Characteristic polynomial of operator is the product of characteristic polynomials of two induced operators (restricted and quotient space operators).

Question

Consider a linear operator $T: V \to V$ on a finite-dimensional vector space $V$. Suppose that $U$ is a $T$-invariant subspace of $V$, and consider the map $T/U: V/U \to V/U$ given by $T/U(v + U) = T(v) + U$ (here $V/U$ is the quotient space). I'm interested in how exactly the characteristic polynomials of the three operators $T/U, T,$ and $T|_U$ are related (here $T|_U$ denotes the operator $T$ restricted to $U$).

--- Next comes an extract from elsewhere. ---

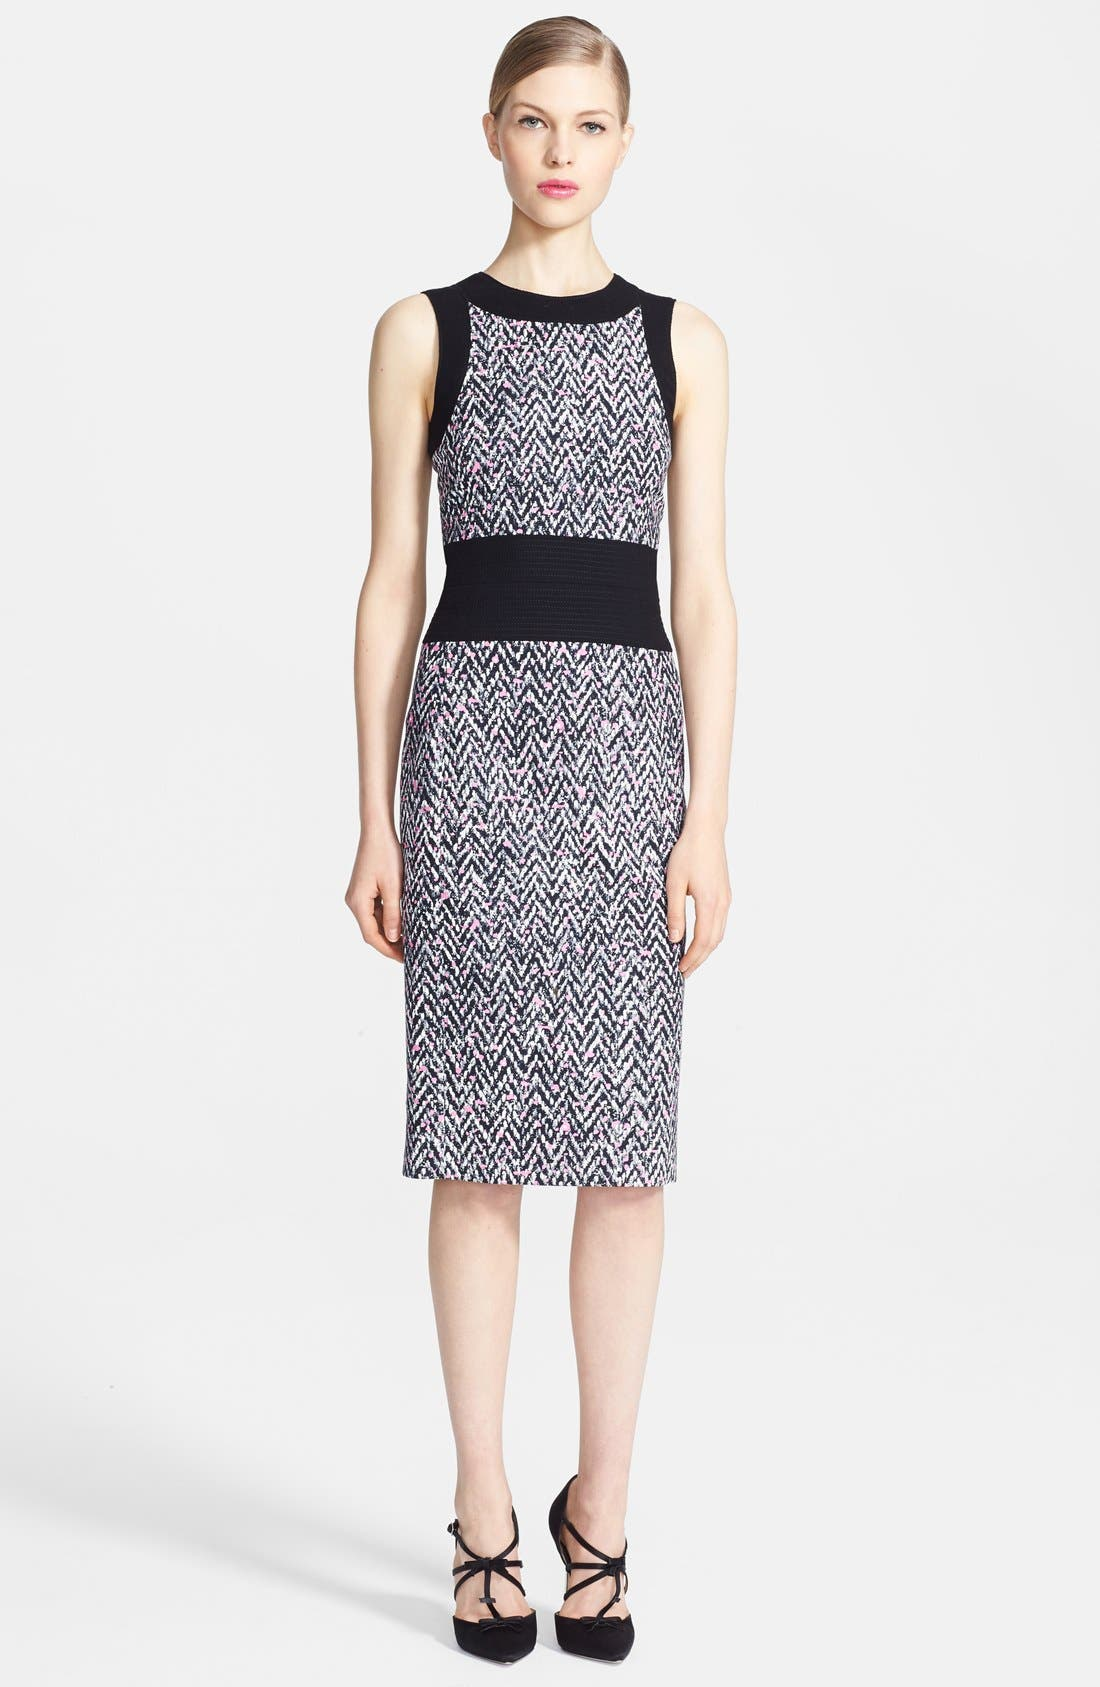 Main Image - Oscar de la Renta Tweed Pencil Dress
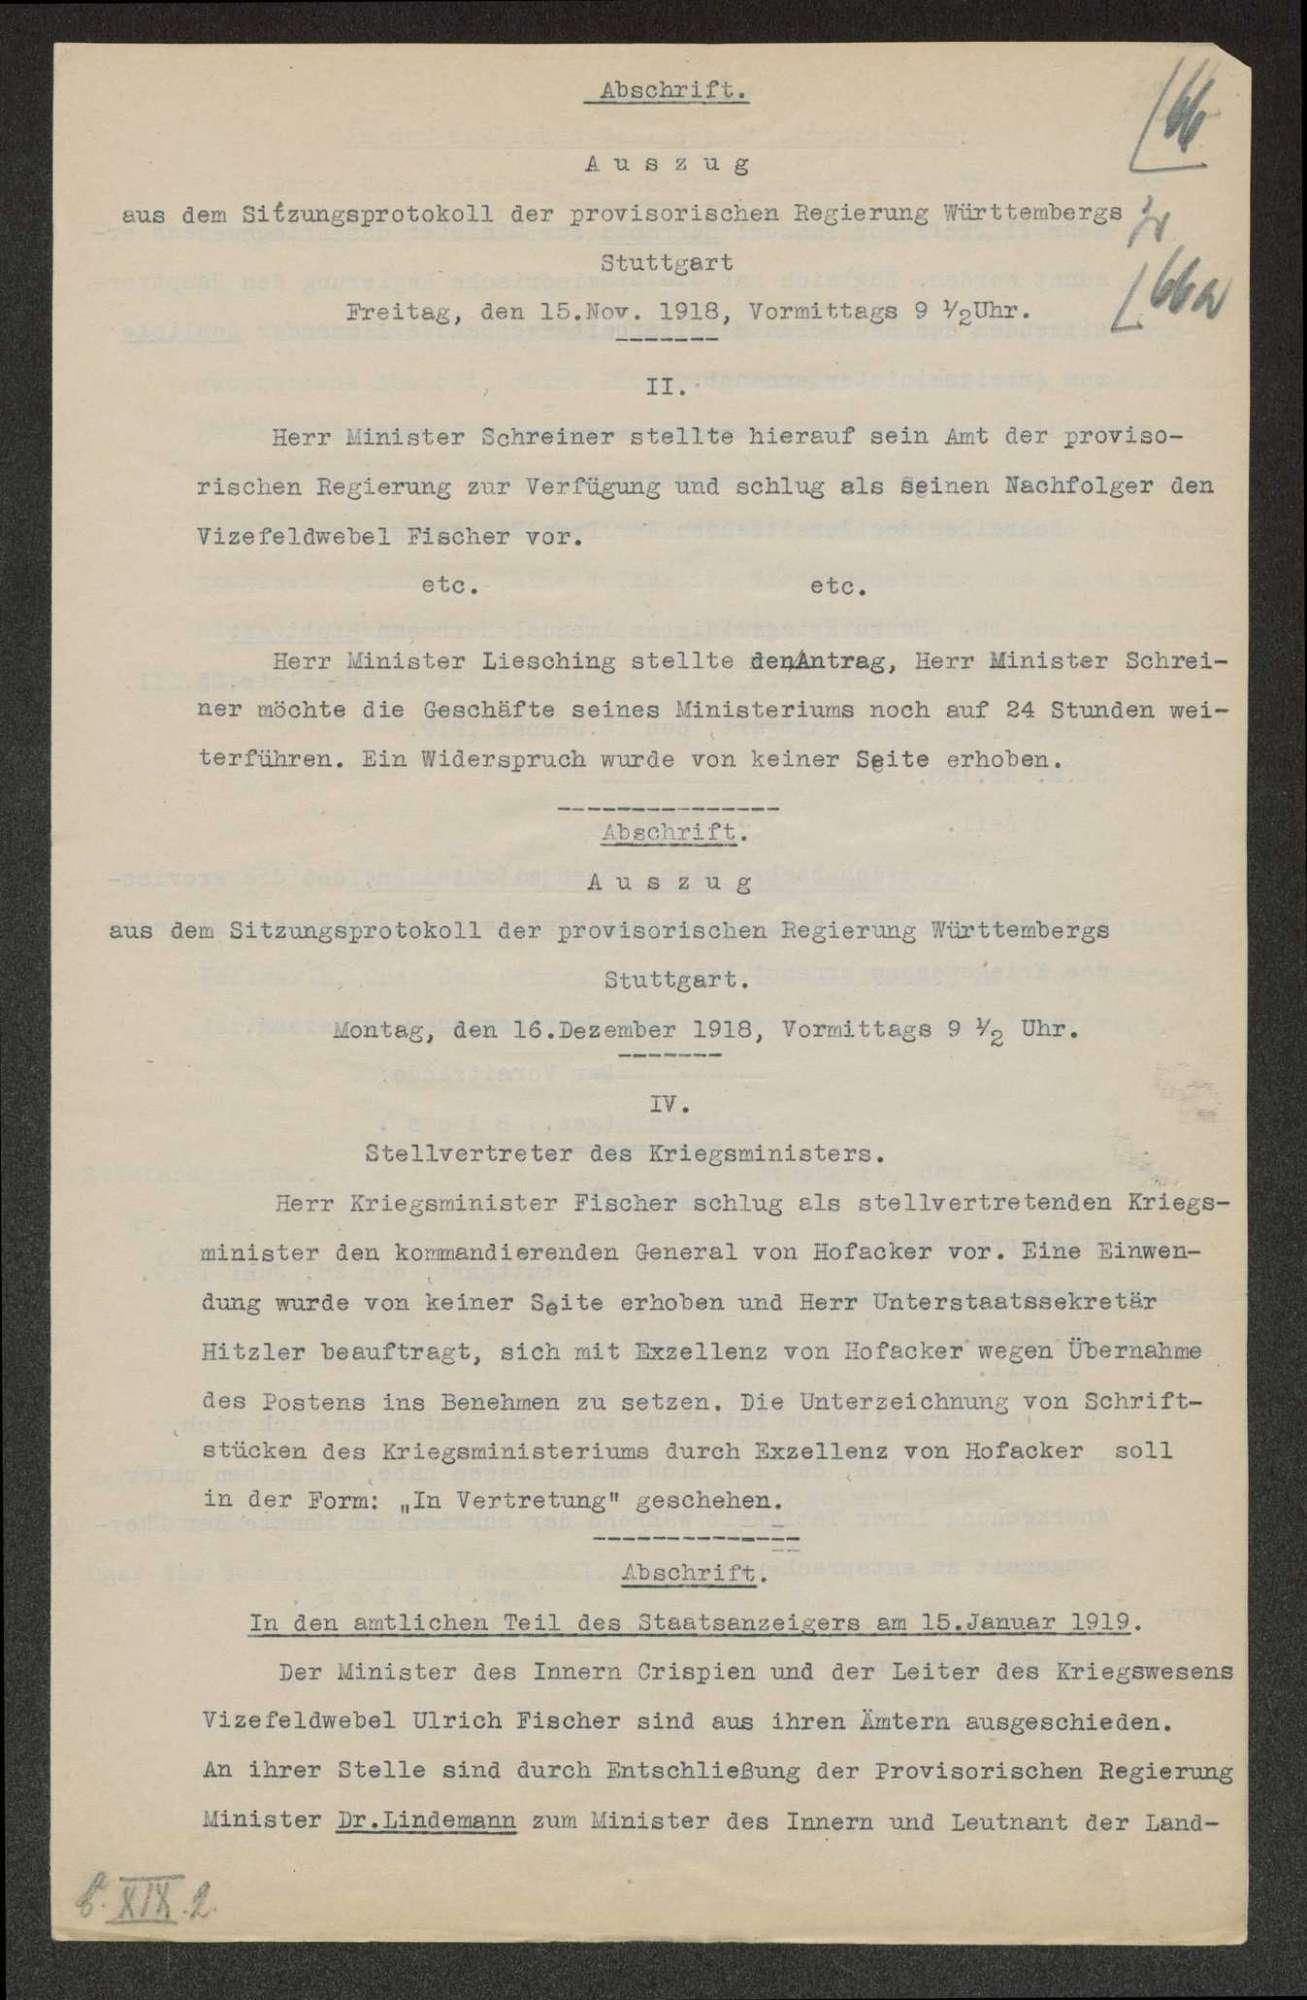 Bildung der Württ. Landesregierung, Ernennung und Entlassung der Minister, Bild 3

I can show that the eigenvalues of $T|_U$ and the eigenvalues of $T/U$ are also eigenvalues of $T$, so my conjecture is that $p_T(\lambda) = p_{T|_U}(\lambda) \cdot p_{T/U}(\lambda)$, where in general $p_\ell(\lambda)$ is the characteristic polynomial of the linear operator $\ell$. However, I'm not sure how to go about showing that the multiplicities of each eigenvalue "match up".

Answer 1

Choose a basis of $U$, and complete it into a basis of $V$. On the other hand, the vectors that you used to complete the basis can be used to form a basis of $V/U$.

The matrix of $T$ in the completed basis then looks like $$\left[\matrix{M_{T_{U}} &*\\0&M_{T/U}}\right]$$ where $M_{T/U}$ is with respect to the basis from the remark above, and $*$ stands for irrelevant (though possibly non-zero) entries.

Your conjecture follows immediately.